The Environmental Protection Agency has conducted a preliminary pollinator assessment to support the registration review of imidacloprid, a widely used neonicotinoid insecticide. The EPA did not perform new experiments for this assessment, but instead conducted a review based on 75 studies from the open literature as well as data from a registrant-submitted database. This is one of four assessments of neonicotinoids that has been conducted, with clothianidin, thiamethoxam, and dinotefuran reviews coming out sometime in 2016.
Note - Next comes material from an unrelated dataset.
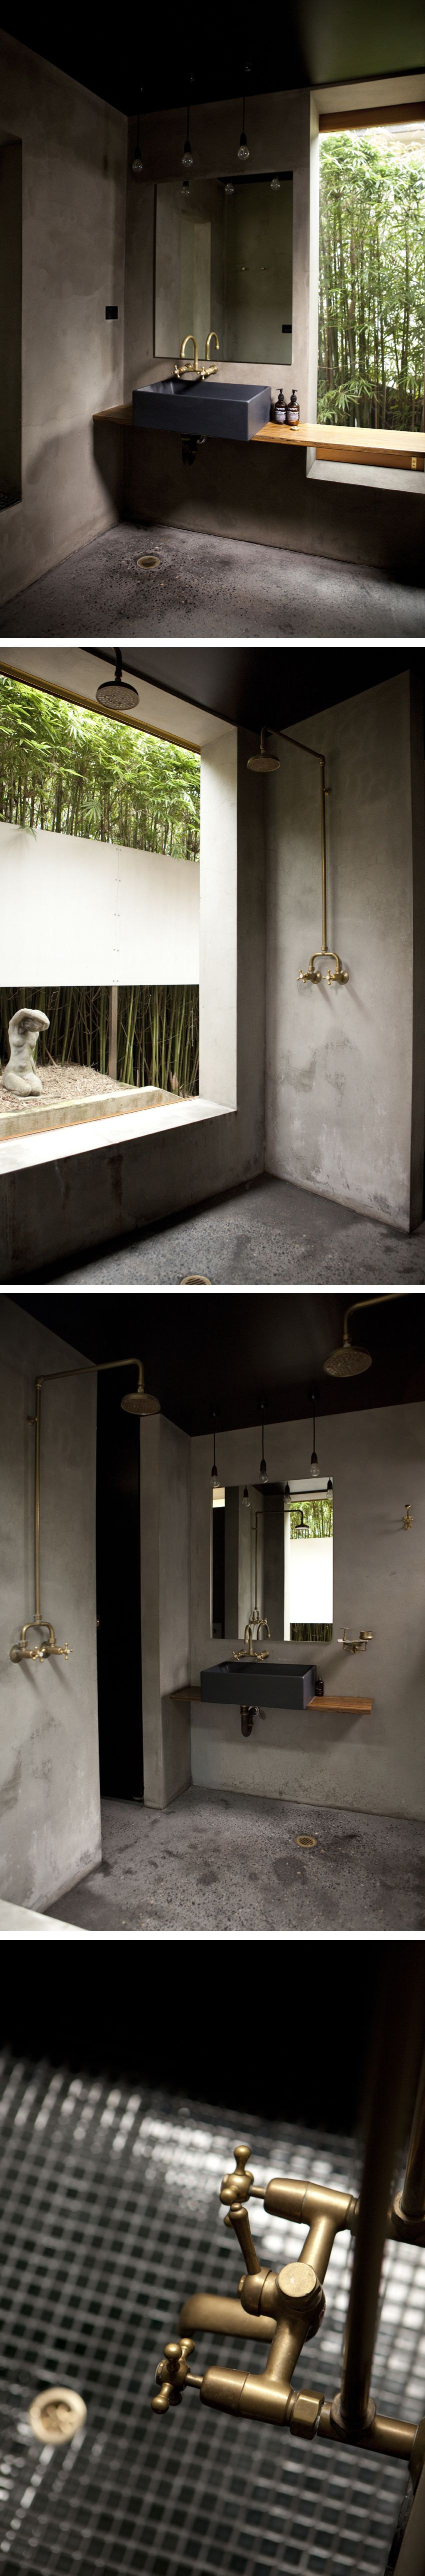 Salle De Bain Nevers ~ plancher b ton inspiration nevers pinterest beton salle de

This assessment evaluated the risk of imidacloprid to honey bees at both the individual and colony levels. It concludes that imidacloprid can pose risks to honey bee health, but these risks depend on the crop they are pollinating. The highest risk crops identified were cotton and citrus. Several other crops, such as tomatoes, small berries, corn, legumes, cucurbits, strawberries, pome fruits, stone fruits, tree nuts, and oilseeds were identified as posing a risk to individual bees, but the effects at the colony level were either minimal or unknown. The assessment further identified a threshold of imidacloprid; crops with nectar residues greater than 25 parts per billion caused harm to bees, but levels below this did not.
A major criticism of the study is that it excludes other bee species, despite the well-established evidence that other bees, such as bumble bees, differ in their sensitivity and exposure to pesticides. The EPA acknowledges in the report that there is uncertainty in extrapolating these findings to other bee species, but they continued to generalize the risk to all bees from these honey bee data.